Let's start with the experiment. I made a 500MB file, had tail -f keep reading it, and then ran rm.

$ dd if=/dev/zero of=big2.txt bs=1M count=500
500+0 records in
500+0 records out
524288000 bytes (524 MB, 500 MiB) copied, 0.299413 s, 1.8 GB/s

$ df .
Filesystem     1K-blocks     Used Available Use% Mounted on
/dev/root      122637288 30974300  86608232  27% /

$ tail -f big2.txt &
[2] 12345

$ rm big2.txt
$ ls big2.txt
ls: cannot access 'big2.txt': No such file or directory    ← file is "gone"

$ df .
Filesystem     1K-blocks     Used Available Use% Mounted on
/dev/root      122637288 30974300  86608232  27% /         ← but the usage is identical?

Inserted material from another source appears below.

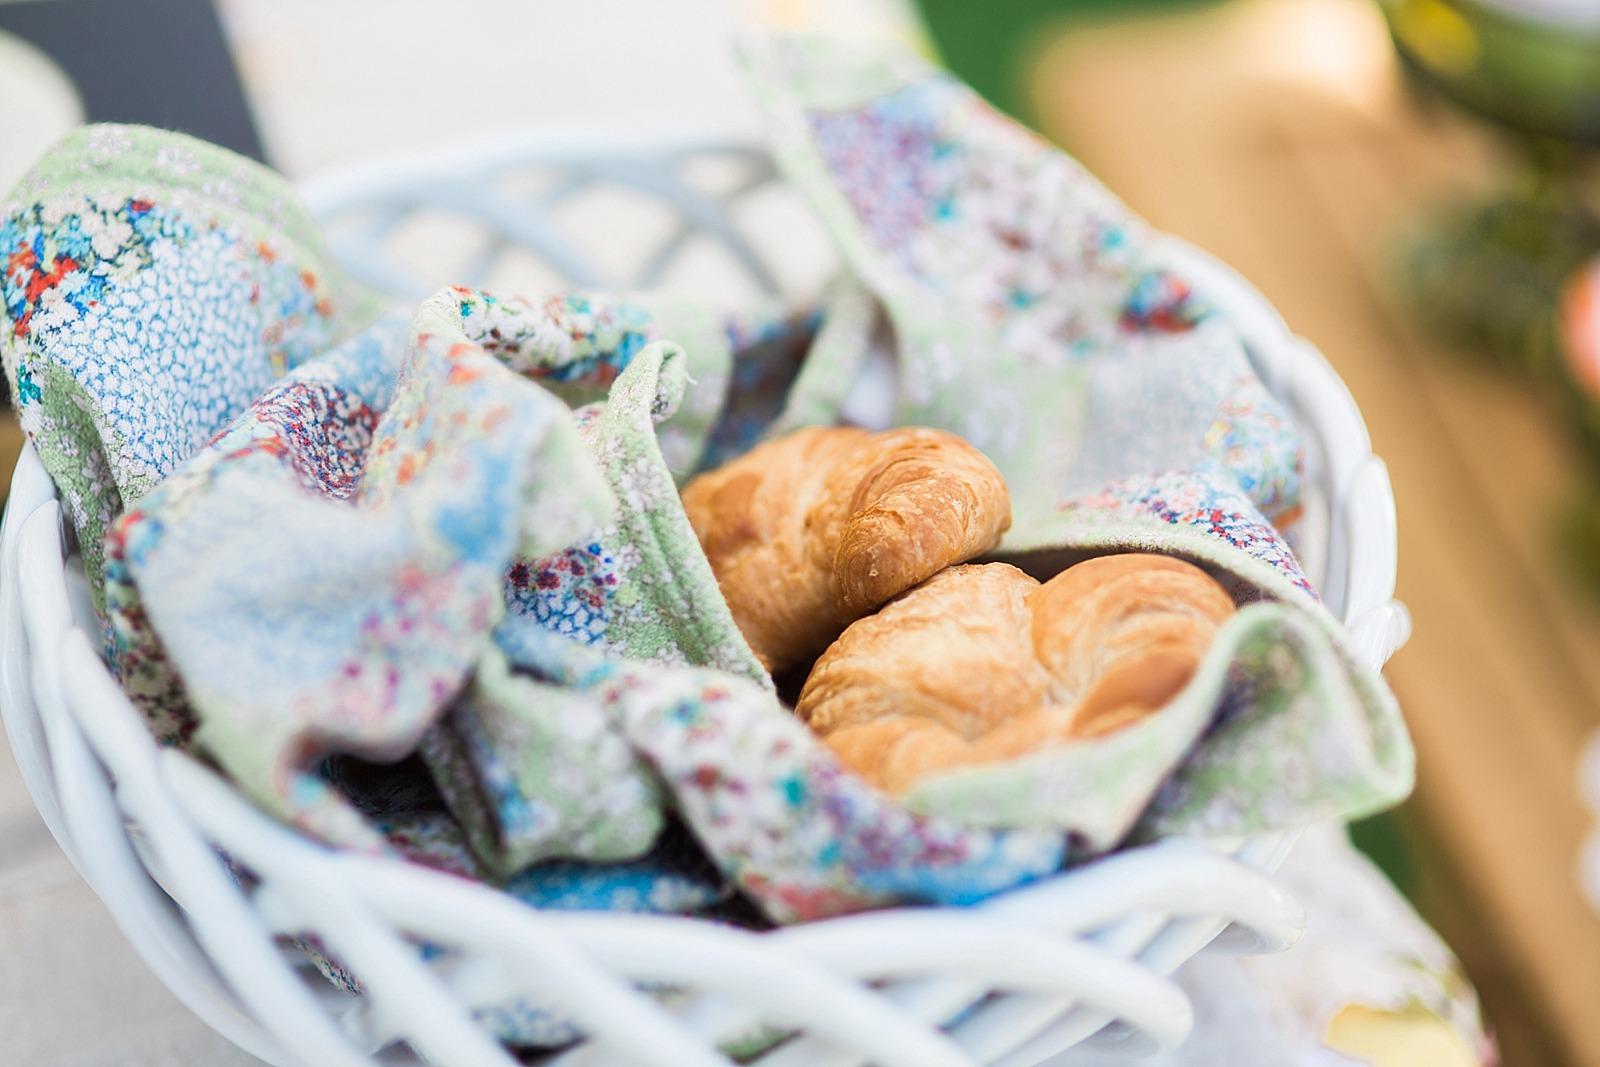 diana-elizabeth-blog-lifestyle-dunkin-creamers-dunkin-donuts-brunch-book-club--4535

ls says the file doesn't exist. But the disk usage is exactly the same as before the rm.

So where did 500MB go?

2. Hunting for Clues in `/proc/PID/fd/`

Linux exposes every fd a process is holding as a symlink under /proc/PID/fd/. Let me check the tail process.

$ ls -l /proc/12345/fd/
total 0
lrwx------ 1 user user 64 Apr 20 16:58 0 -> /dev/pts/0
lrwx------ 1 user user 64 Apr 20 16:58 1 -> /dev/pts/0
lrwx------ 1 user user 64 Apr 20 16:58 2 -> /dev/pts/0
lr-x------ 1 user user 64 Apr 20 16:58 3 -> '/home/user/workspace/big2.txt (deleted)'

There's a (deleted) tag next to fd 3.

The file is "deleted" — but tail is still holding onto it via fd 3.

3. What `rm` Actually Does

Here's where it clicked. rm doesn't do what I thought it did.

What rm actually does:

Removes the name "big2.txt" from the directory.

It doesn't touch the data. It just detaches the label.

And rm doesn't send tail a memo saying "hey, I deleted the file you're reading." It just does its own job and exits.

So the state is:

big2.txt's inode (the real 500MB of data):
  - directory entries (names): 0       ← rm just removed this
  - open fds: 1                         ← tail is still holding fd 3
  
  total refs: 1

The reference count is 1. That's why the kernel won't reclaim the data.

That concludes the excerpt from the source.